Study Evaluating Relapses in Central Nervous System in Patients With Diffuse Large B-Cell Lymphoma Treated With Chemotherapy With or Without CNS Prophylaxis. Multicentric, Prospective, Randomized Phase III Study

Comparison of cumulative incidence of CNS relapses in patients with diffuse large B-cell lymphoma with intermediate or high risk of CNS relapse treated with CNS prophylaxis: either with 2 doses of intravenous methotrexate 3g/m2 i.v.(arm A) or 6 doses of intrathecal methotrexate 12mg (arm B) and in patients with low risk of CNS relapse without CNS prophylaxis (arm C).

Patients with diffuse large B-cell lymphoma are evaluated for risk factors of CNS relapse during initial staging (age > 60years, lactate dehydrogenase (LDH) > reference range, clinical stage III/IV, performance status according to Eastern Cooperative Oncology Group (ECOG) >1, kidney and/or adrenal gland involvement, involvement > 1 extranodal organ) including evaluation of cerebrospinal fluid. All patients with systemic DLBCL without CNS involvement are treated with systemic chemotherapy: either 6 cycles of R CHOP (rituximab, cyclophosphamide, doxorubicin, vincristine, prednison) +2xR (rituximab) or 6 cycles of DA EPOCH R (dose adjusted etoposide, prednison, vincristin, cyclophosphamide, doxorubicin) +2xR (rituximab). Patients with ≥ 2 risk factors for CNS relapse or with occult meningeal involvement will be randomized in 1:1 ratio either into arm A with 2 cycles of prophylactic methotrexate 3g/m2 i.v., or into arm B with prophylactic 6x intrathecal methotrexate 12mg (1x intrathecal methotrexate in each cycle of systemic chemotherapy). Patients with 0-1 risk factor will be allocated into arm C without CNS prophylaxis. Patients will be observed for CNS relapse during the follow-up of 1year after the end of the first-line treatment.

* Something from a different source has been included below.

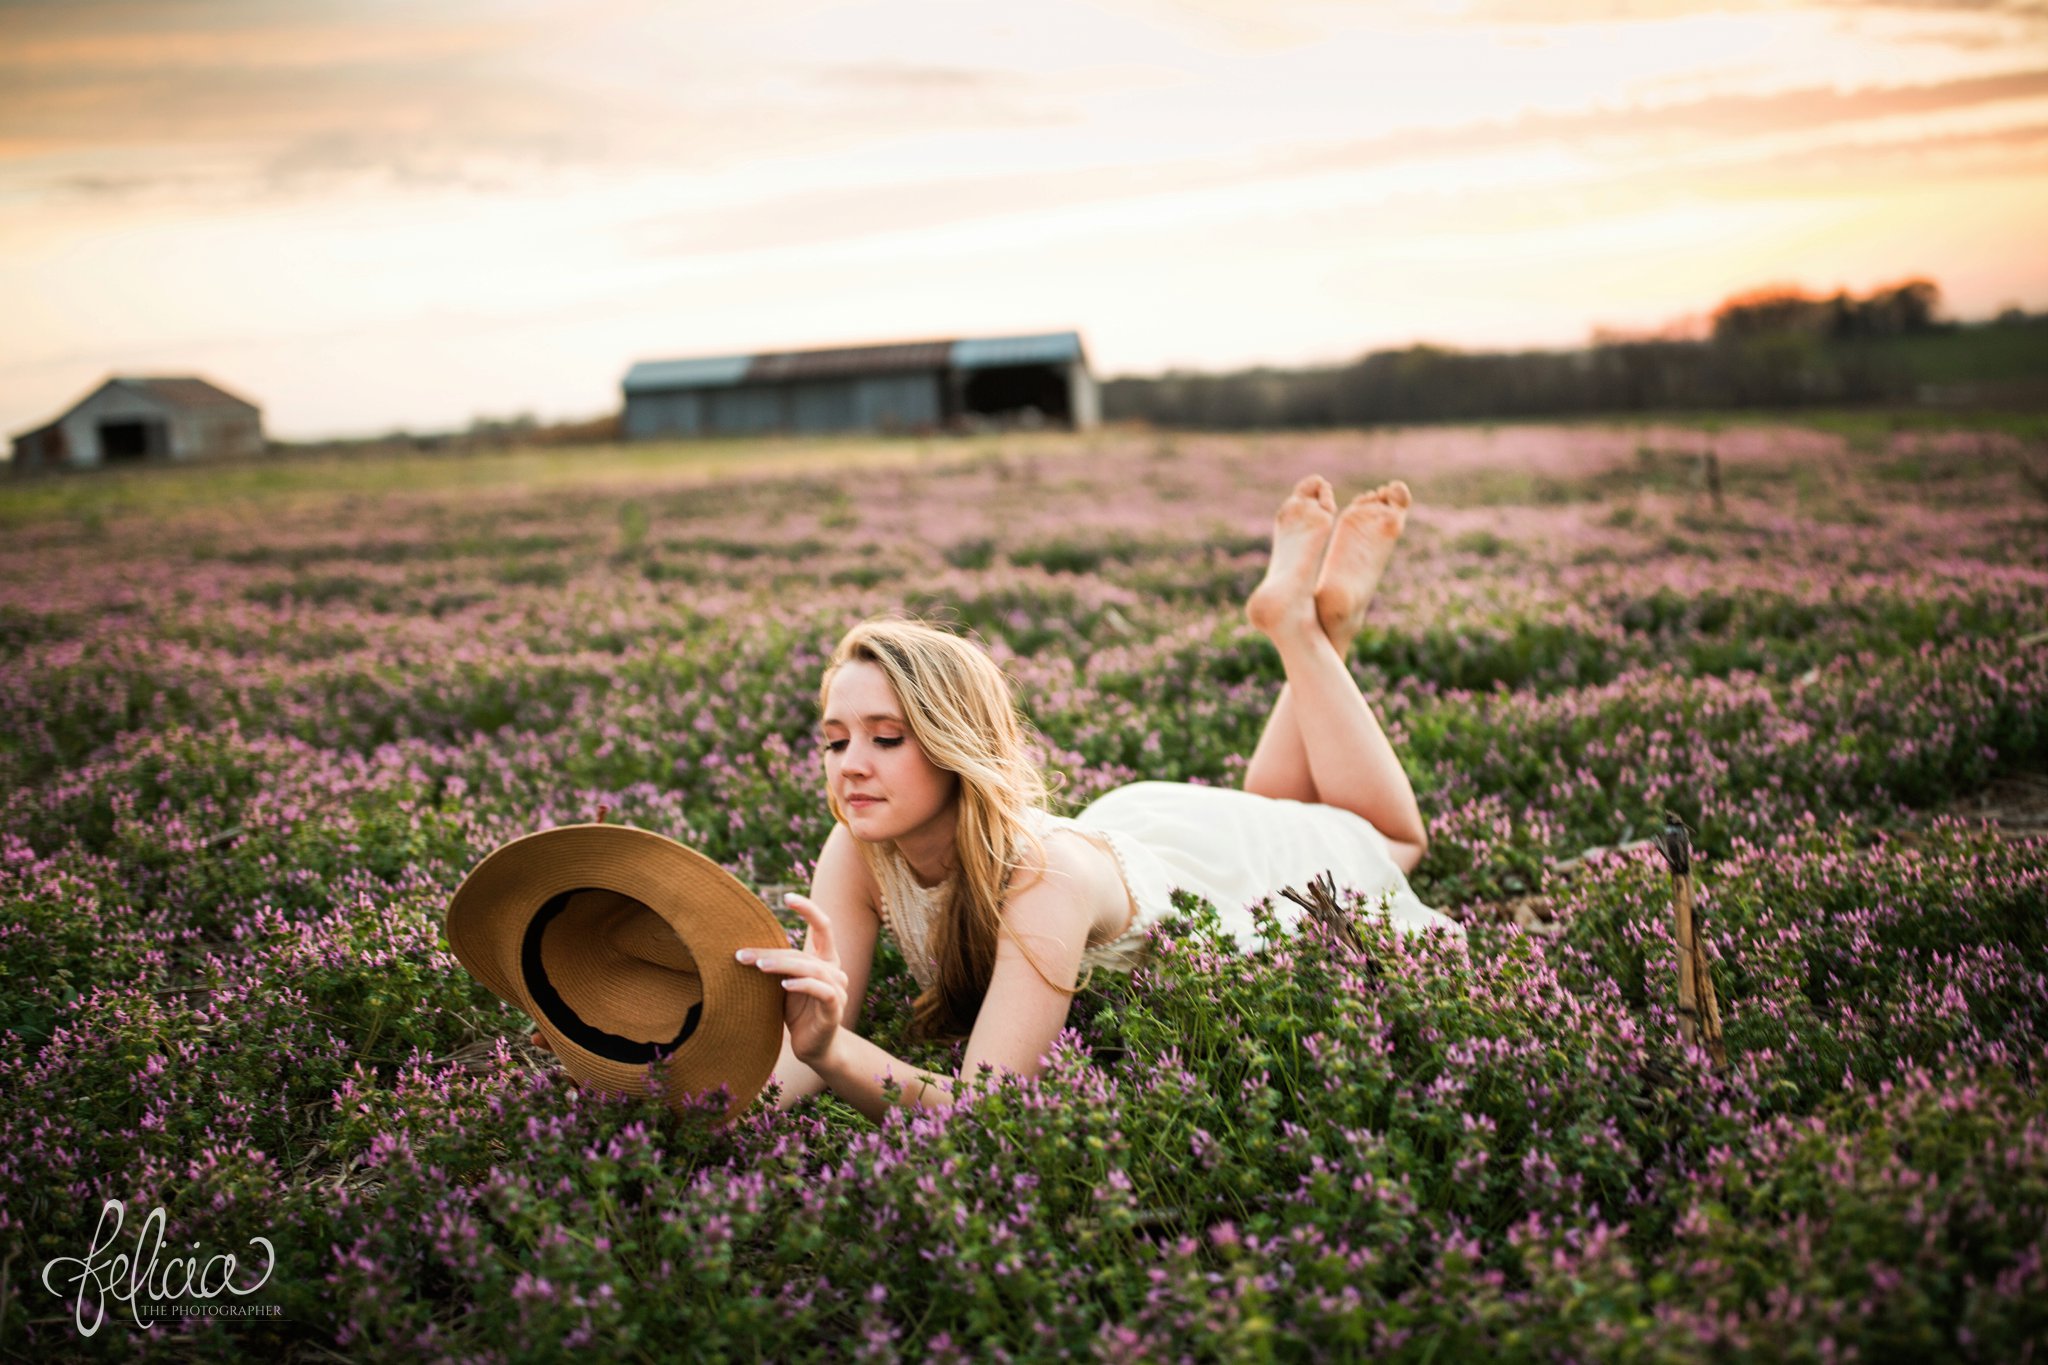 senior pictures | images by feliciathephotographer.com | Kansas City | rustic | long blonde hair | nature background | white dress | elegant | dramatic | candid | dramatic pose | flower field | sitting in flowers | purple flowers | lying in field | fedora hat | sunset | farm house 
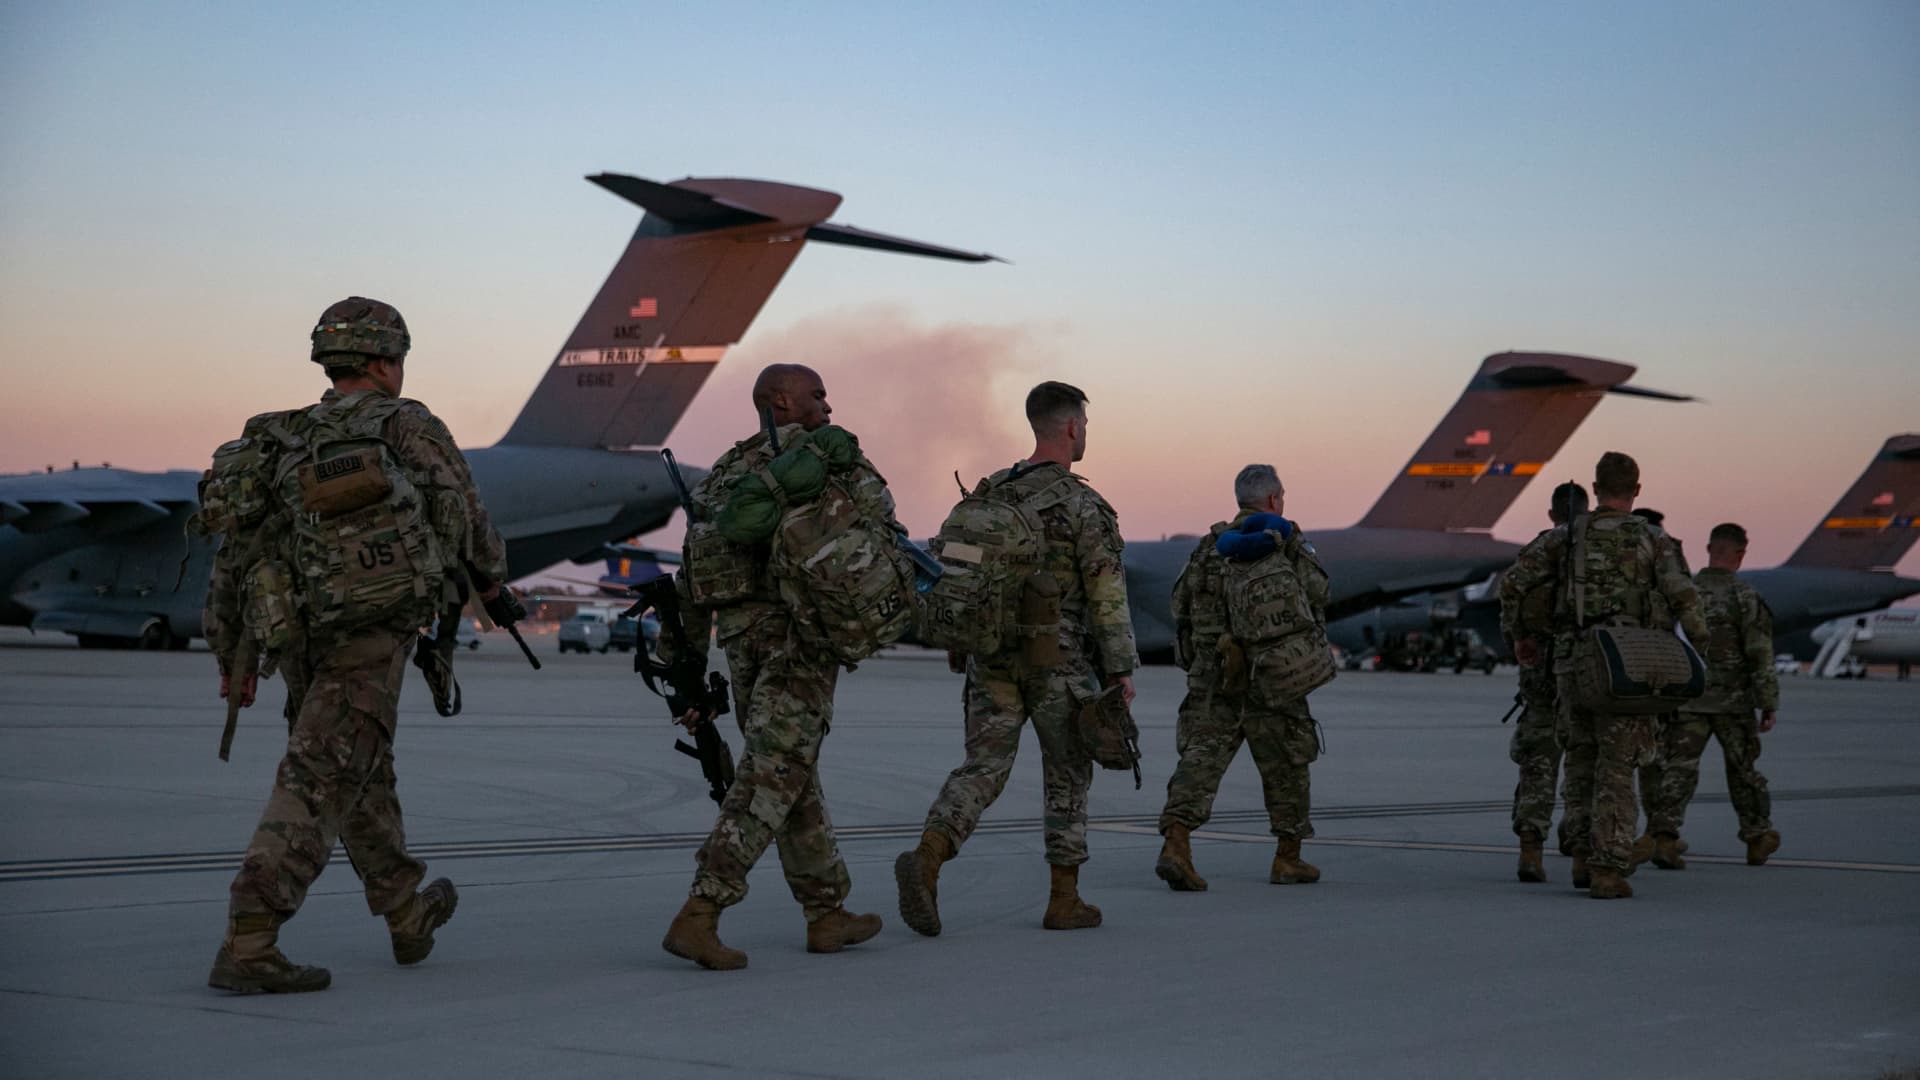 US soldiers walk to board a plane from Pope Army Airfield in Fort Bragg, North Carolina on February 14, 2021 as they are deployed to Europe.

Patients with risk factors for CNS relapse ≥ 2 or with occult meningeal involvement will receive 2 cycles of methotrexate 3g/m2 i.v. after the 3rd and 6th cycle of systemic chemotherapy (R CHOP or DA EPOCH R).

Patients with risk factors for CNS relapse ≥ 2 or with occult meningeal involvement will receive intrathecal methotrexate 12mg in each cycle of systemic chemotherapy (6x).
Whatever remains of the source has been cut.